Thus the improvement of formative assessment cannot be a
simple matter. There is no quick fix that can alter existing
practice by promising rapid rewards. On the contrary, if the
substantial rewards promised by the research evidence are
to be secured, each teacher must find his or her own ways
of incorporating the lessons and ideas set out above into
his or her own patterns of classroom work and into the cultural
norms and expectations of a particular school community.17
This process is a relatively slow one and takes place through
sustained programs of professional development and support.
This fact does not weaken the message here; indeed, it should
be seen as a sign of its authenticity, for lasting and fundamental
improvements in teaching and learning must take place in this
way. A recent international study of innovation and change
in education, encompassing 23 projects in 13 member countries
of the Organisation for Economic Co-operation and Development,
has arrived at exactly the same conclusion with regard to
effective policies for change.18 Such arguments lead us to
propose a four-point scheme for teacher development.
1. Learning from development. Teachers will not take up ideas
that sound attractive, no matter how extensive the research
base, if the ideas are presented as general principles that
leave the task of translating them into everyday practice
entirely up to the teachers. Their classroom lives are too
busy and too fragile for all but an outstanding few to undertake
such work. What teachers need is a variety of living examples
of implementation, as practiced by teachers with whom they
can identify and from whom they can derive the confidence
that they can do better. They need to see examples of what
doing better means in practice.
So changing teachers' practice cannot begin with an extensive
program of training for all; that could be justified only
if it could be claimed that we have enough "trainers"
who know what to do, which is certainly not the case. The
essential first step is to set up a small number of local
groups of schools -- some primary, some secondary, some inner-city,
some from outer suburbs, some rural -- with each school committed
both to a school-based development of formative assessment
and to collaboration with other schools in its local group.
In such a process, the teachers in their classrooms will be
working out the answers to many of the practical questions
that the evidence presented here cannot answer.

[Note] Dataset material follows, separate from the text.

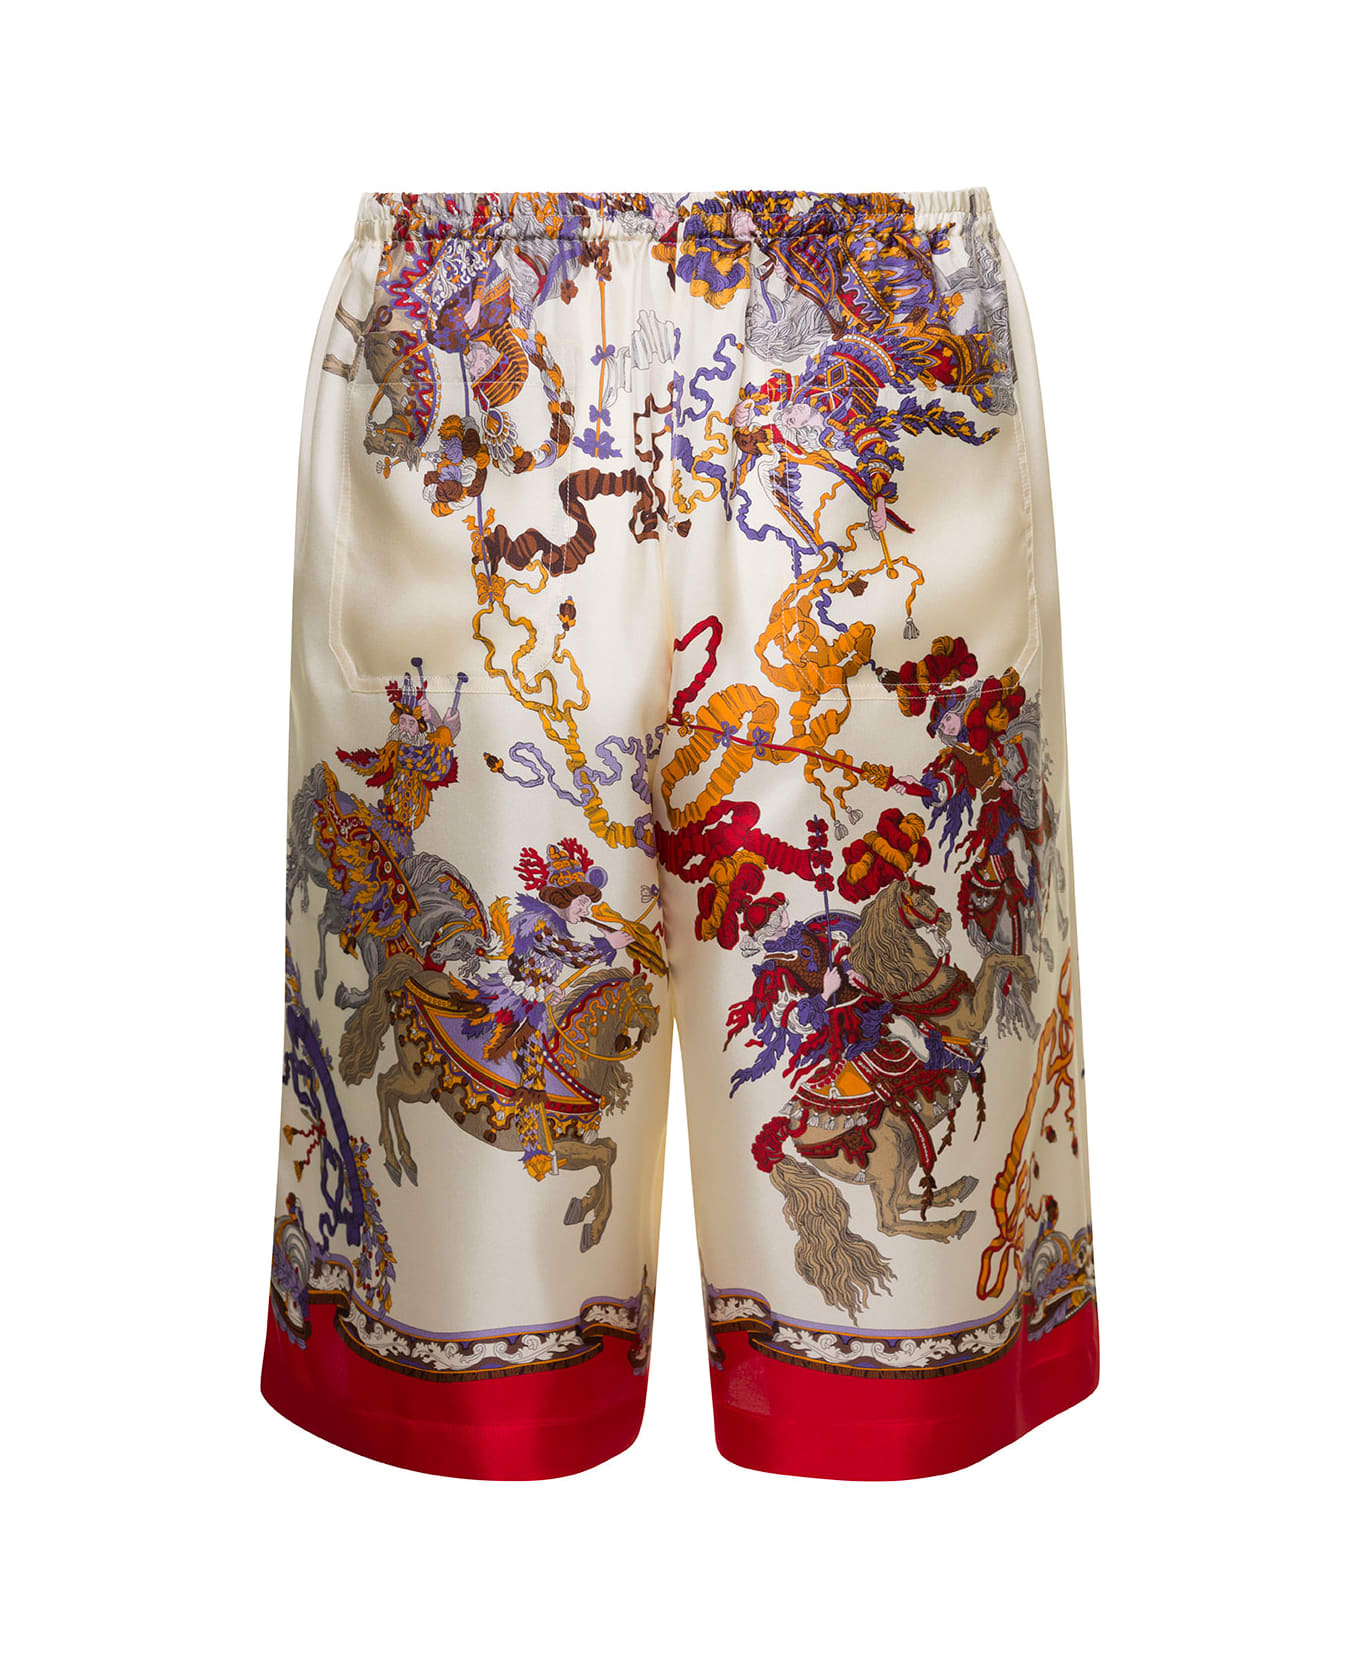 Gucci White Shorts With Graphic Multicolor Print All-over In Silk Man - Multicolor ショートパンツ

They will
be reformulating the issues, perhaps in relation to fundamental
insights and certainly in terms that make sense to their peers
in other classrooms. It is also essential to carry out such
development in a range of subject areas, for the research
in mathematics education is significantly different from that
in language, which is different again from that in the creative
arts.
The schools involved would need extra support in order to
give their teachers time to plan the initiative in light of
existing evidence, to reflect on their experience as it develops,
and to offer advice about training others in the future. In
addition, there would be a need for external evaluators to
help the teachers with their development work and to collect
evidence of its effectiveness. Video studies of classroom
work would be essential for disseminating findings to others.
2. Dissemination. This dimension of the implementation would
be in low gear at the outset -- offering schools no more than
general encouragement and explanation of some of the relevant
evidence that they might consider in light of their existing
practices. Dissemination efforts would become more active
as results and resources became available from the development
program. Then strategies for wider dissemination -- for example,
earmarking funds for inservice training programs -- would
have to be pursued.
We must emphasize that this process will inevitably be a slow
one. To repeat what we said above, if the substantial rewards
promised by the evidence are to be secured, each teacher must
find his or her own ways of incorporating the lessons and
ideas that are set out above into his or her own patterns
of classroom work. Even with optimum training and support,
such a process will take time.
3. Reducing obstacles. All features in the education system
that actually obstruct the development of effective formative
assessment should be examined to see how their negative effects
can be reduced. Consider the conclusions from a study of teachers
of English in U.S. secondary schools.
Most of the teachers in this study were caught in conflicts
among belief systems and institutional structures, agendas,
and values. The point of friction among these conflicts was
assessment, which was associated with very powerful feelings
of being overwhelmed, and of insecurity, guilt, frustration,
and anger. . . . This study suggests that assessment, as it
occurs in schools, is far from a merely technical problem.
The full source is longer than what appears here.